Only issue now was it was 1000 degrees out and scattered grass everywhere making it fun to troll. I cleared lines at one point for 3 straight hours never stopping just to keep the spread right. This paid off big time a we picked away at the Dolphin boxing a dozen nice fish along the way . Around 3 pm I'm on deck and Reggie is in the tower.I'm. Clearing a line and letting one out when a nice blue Marlin comes in and crushes the daisy chain off the starboard side then hops on the seastar Bally combo I'm dropping back and just crushes it and were on , then off that quick. He then comes back and crushes the other side of the spread and then poof gone.........total bummer but that's fishing sometimes . So we troll on and pick a few more dolphin and decide to head for some deep grouper spots as we head for the barn.


After a short 10 mile ride we are on a hump and comes up to 213 feet from 240 . We had some awesome bait we made offshore paddy hopping and I dropped a huge hardball down on a 50w and hook up instantly . After a short tussle on heavy gear I basically low gear wound a 45 pound gag grouper up with ease on my trolling rod. So I drop again , and same results 4 times in a row catching 3 grouper over 40 pounds and half of the biggest red snapper I've ever seen.Half because the tax man took his share but the piece that was left weight 20 pounds holy chit man......

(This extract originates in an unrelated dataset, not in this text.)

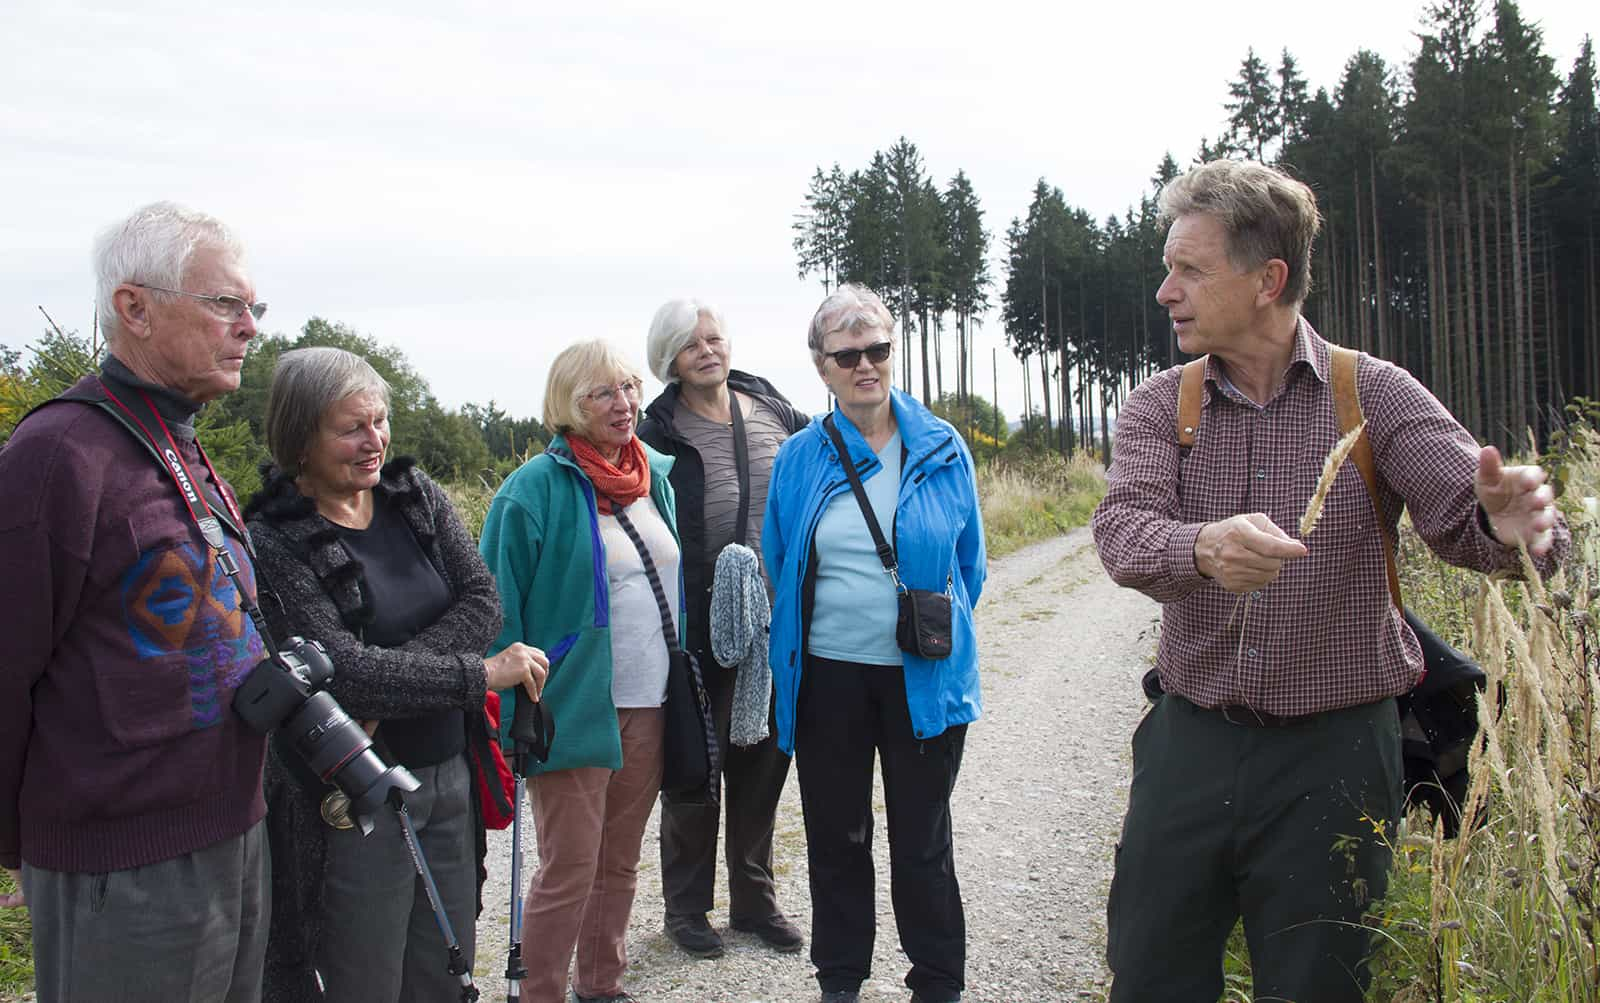 Waldspaziergang am Parsberg in Germering mit Förster Hans-Jürgen Gulder
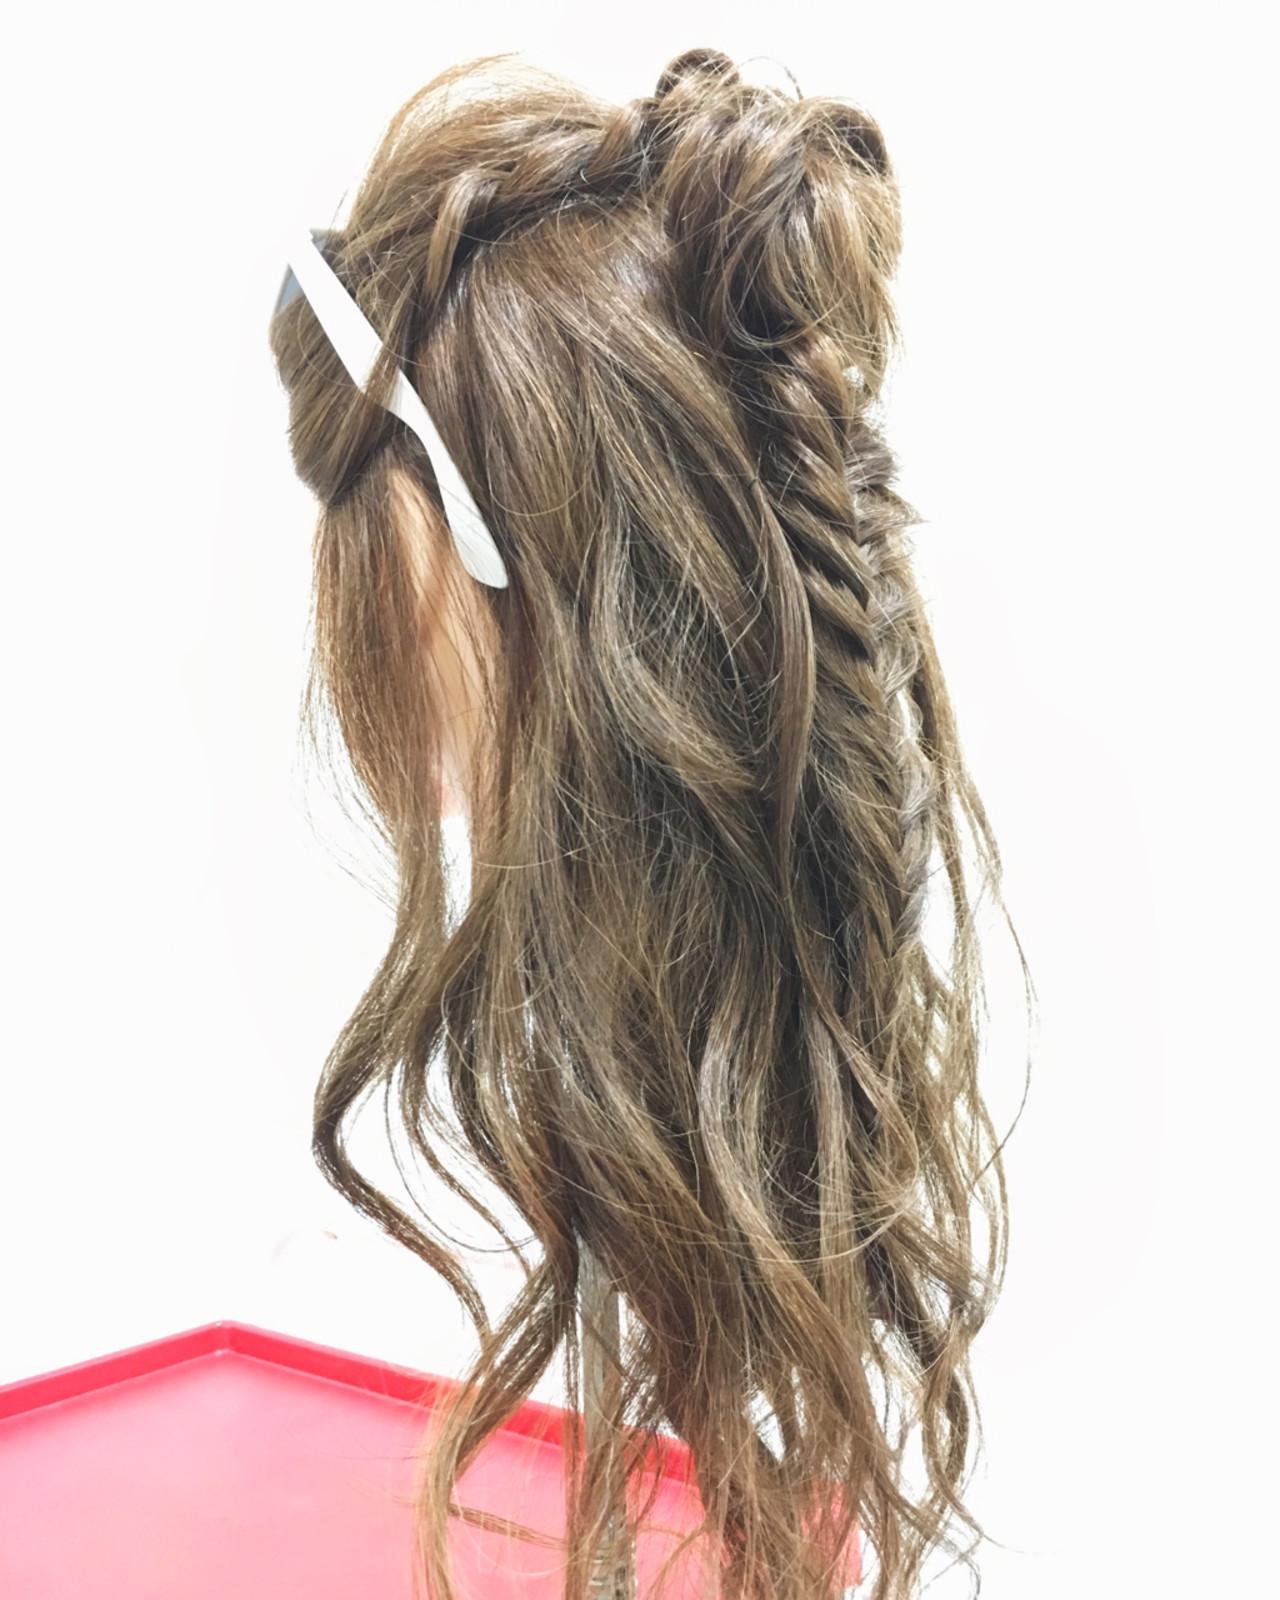 ヘアアレンジ ロング ストリート フィッシュボーン ヘアスタイルや髪型の写真・画像

We caught a few huge back breaker amberjacks on jigs up to 50 pounds as well a hooked a huge fish we think had to be a Warsaw grouper because all 3 of us fought that fish for 1.5 hrs on a stellla and had it coming up about half way using the boat and holding the spool . Then it sings off a 200ft run and rocked us .........I was able to un-rock the jig and started pumping it up and wham .....on again ?....this one I hand off to my buddy and up comes another huge gag grouper.


We pull the plug at 7 and head back in slick seas to the dock capping up another epic venture into my backyard playground bringing home a boat load of tasty fish once again.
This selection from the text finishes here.